Segment Start: COLLECTED DATA

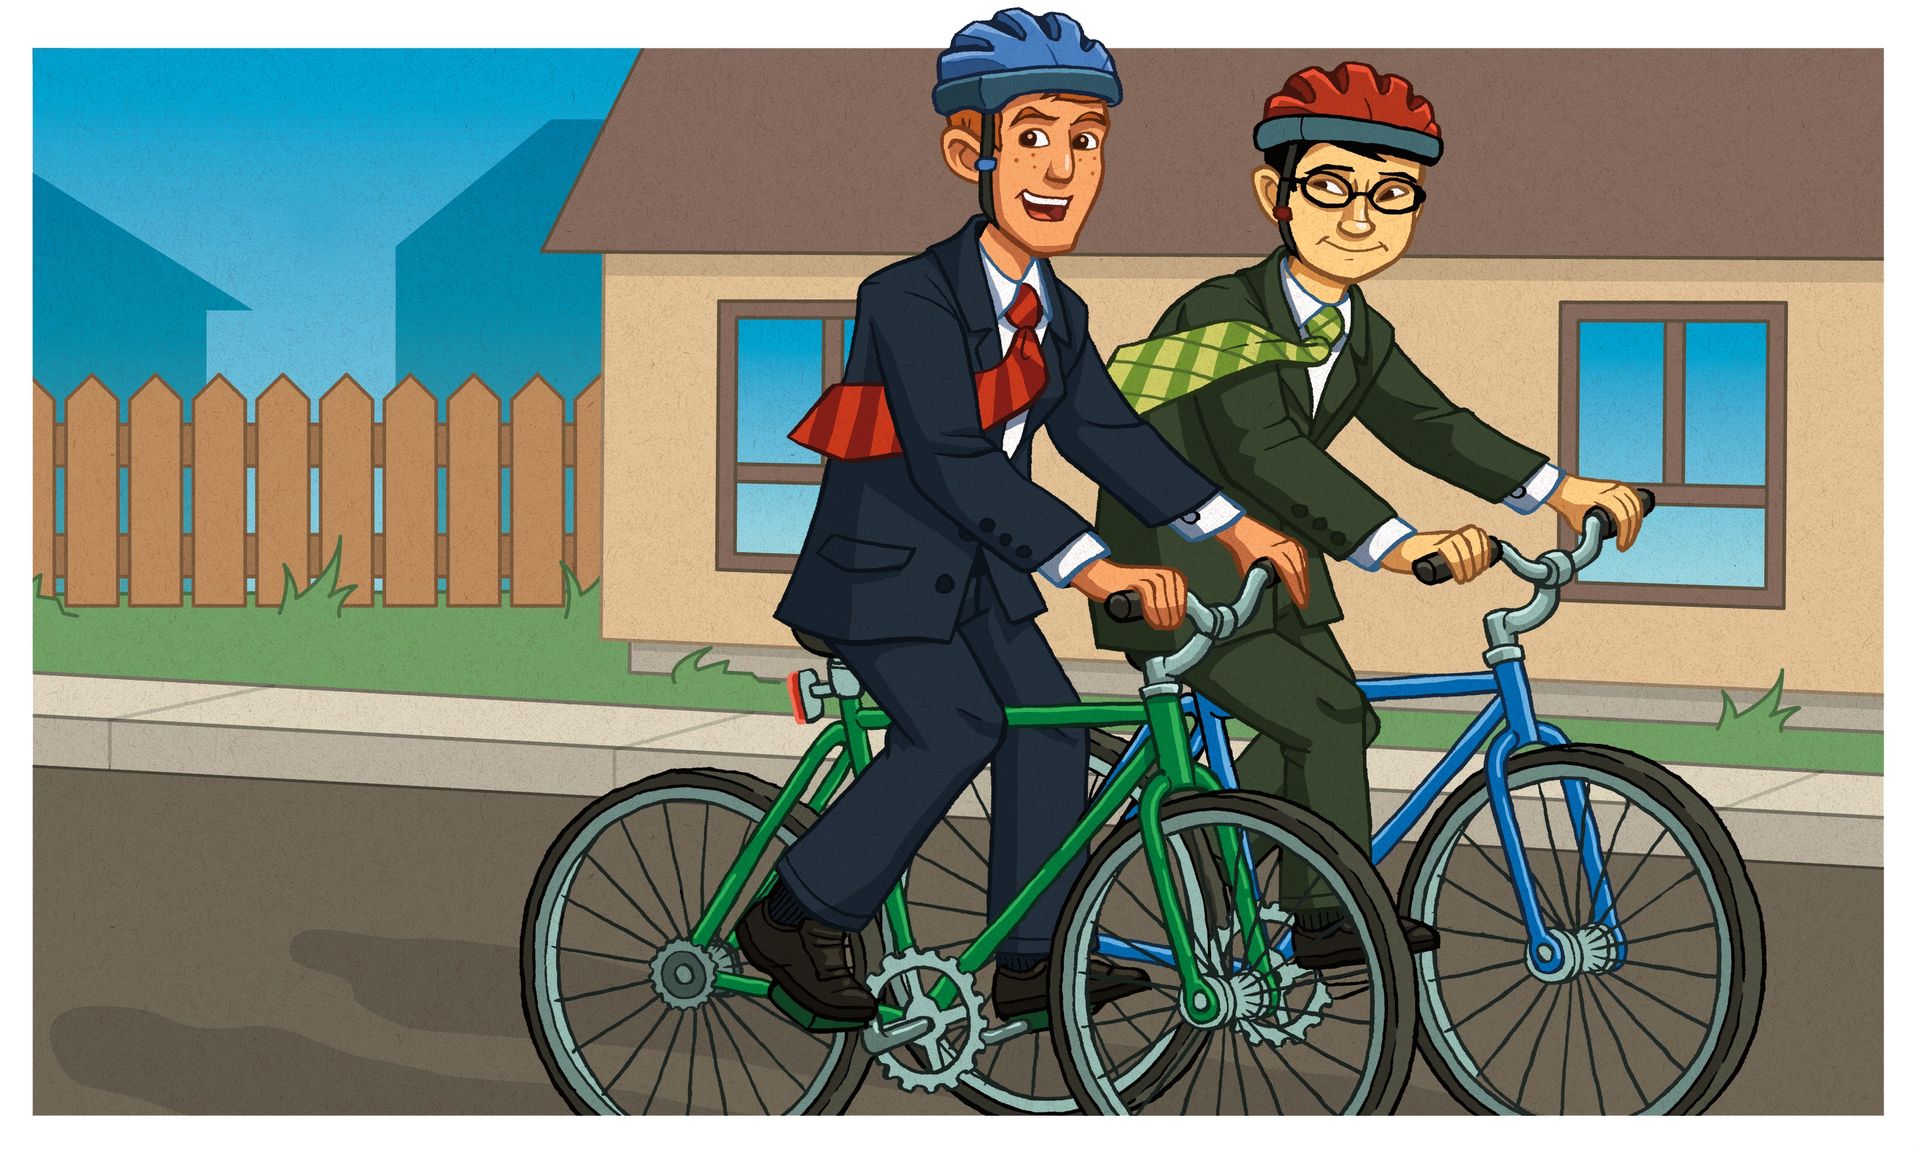 Two missionaries ride bikes down a street.
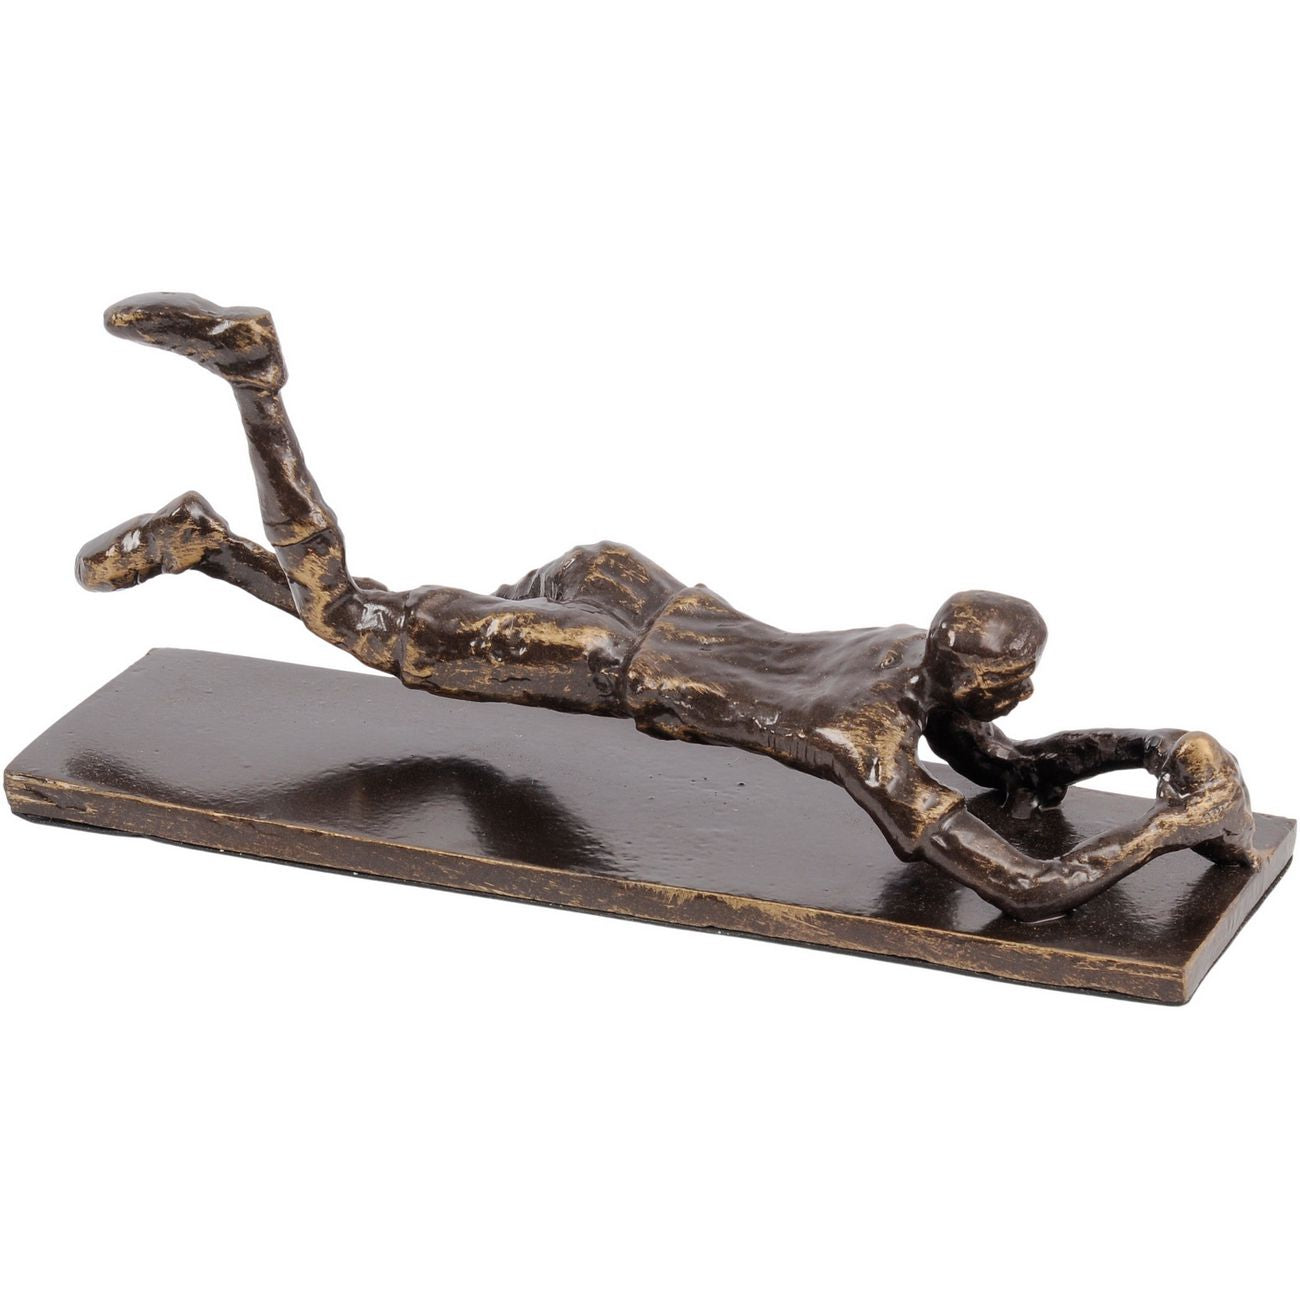 Try scorer rugby sculpture
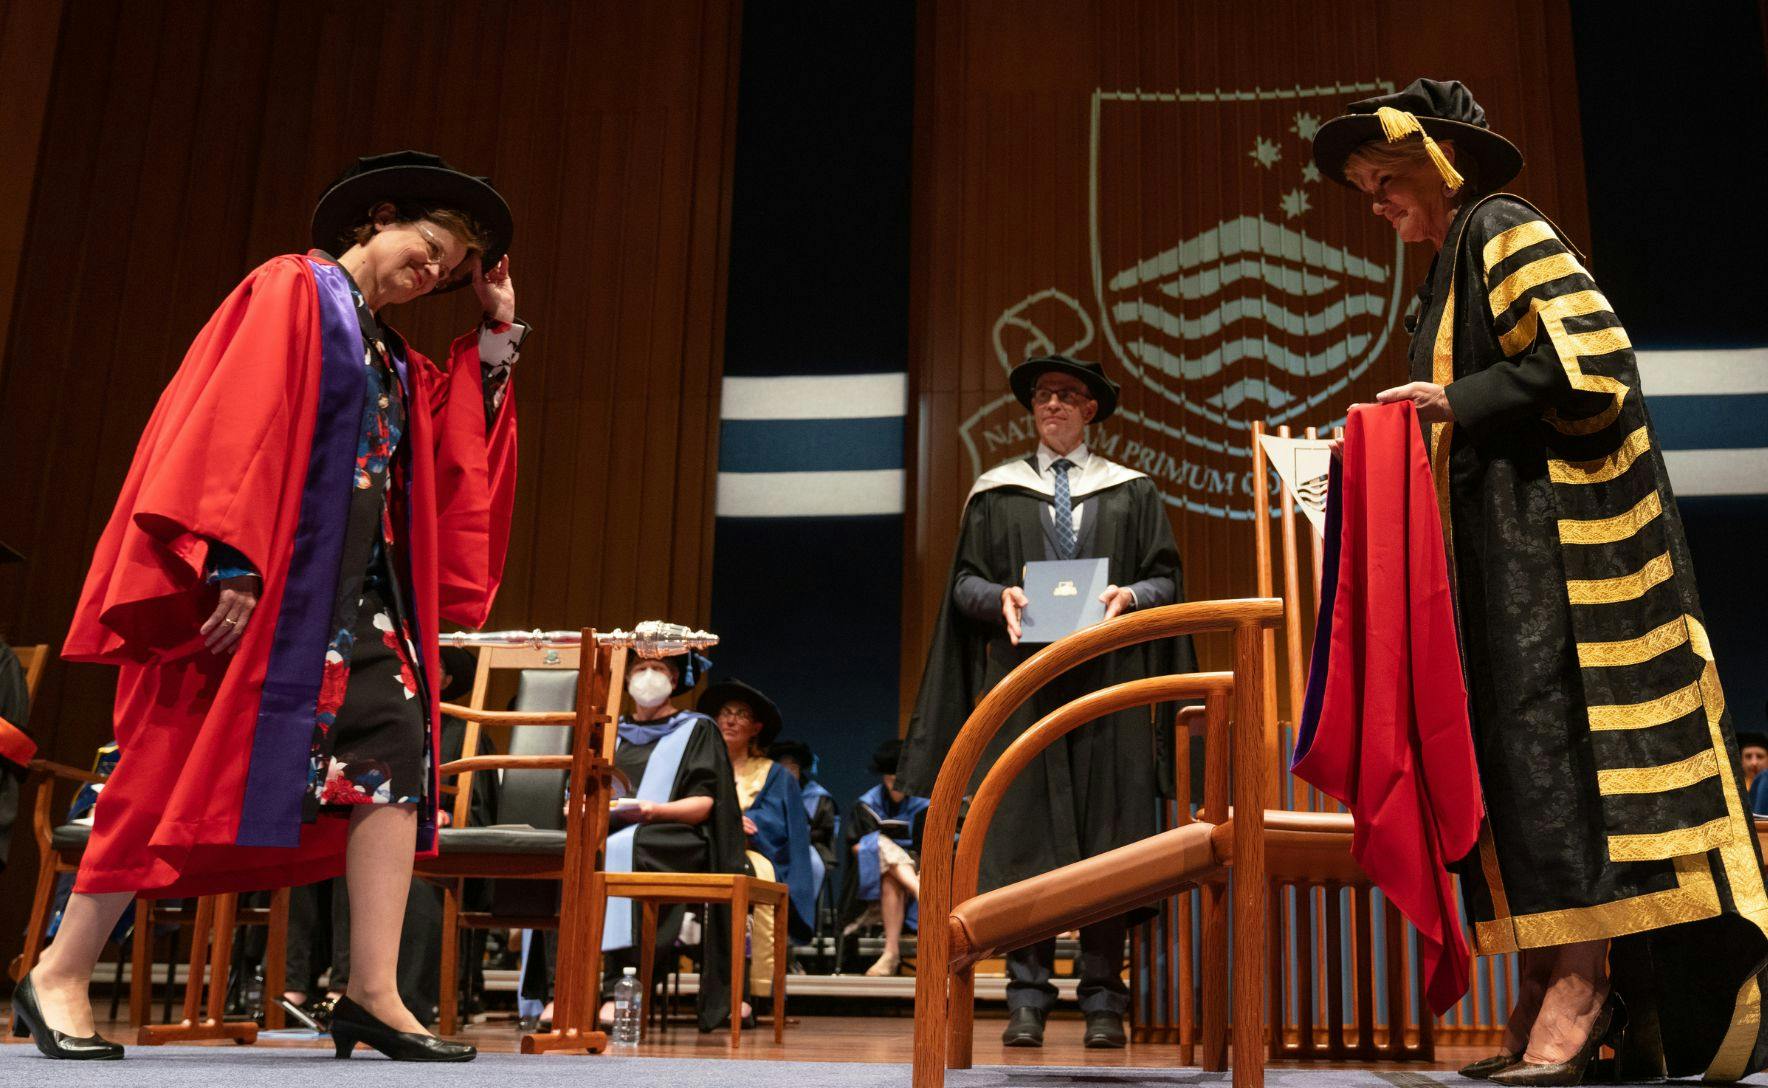 Frances Adamson walks across the stage in her gown to collect an honorary degree from Julie Bishop.

Segment End: COLLECTED DATA

## WHAT IS BEING ASKED
Would you print all of the material exactly as written, minus the pictures?

## WRITTEN REPLY
 Two missionaries ride bikes down a street.
 Try scorer rugby sculpture
 Frances Adamson walks across the stage in her gown to collect an honorary degree from Julie Bishop.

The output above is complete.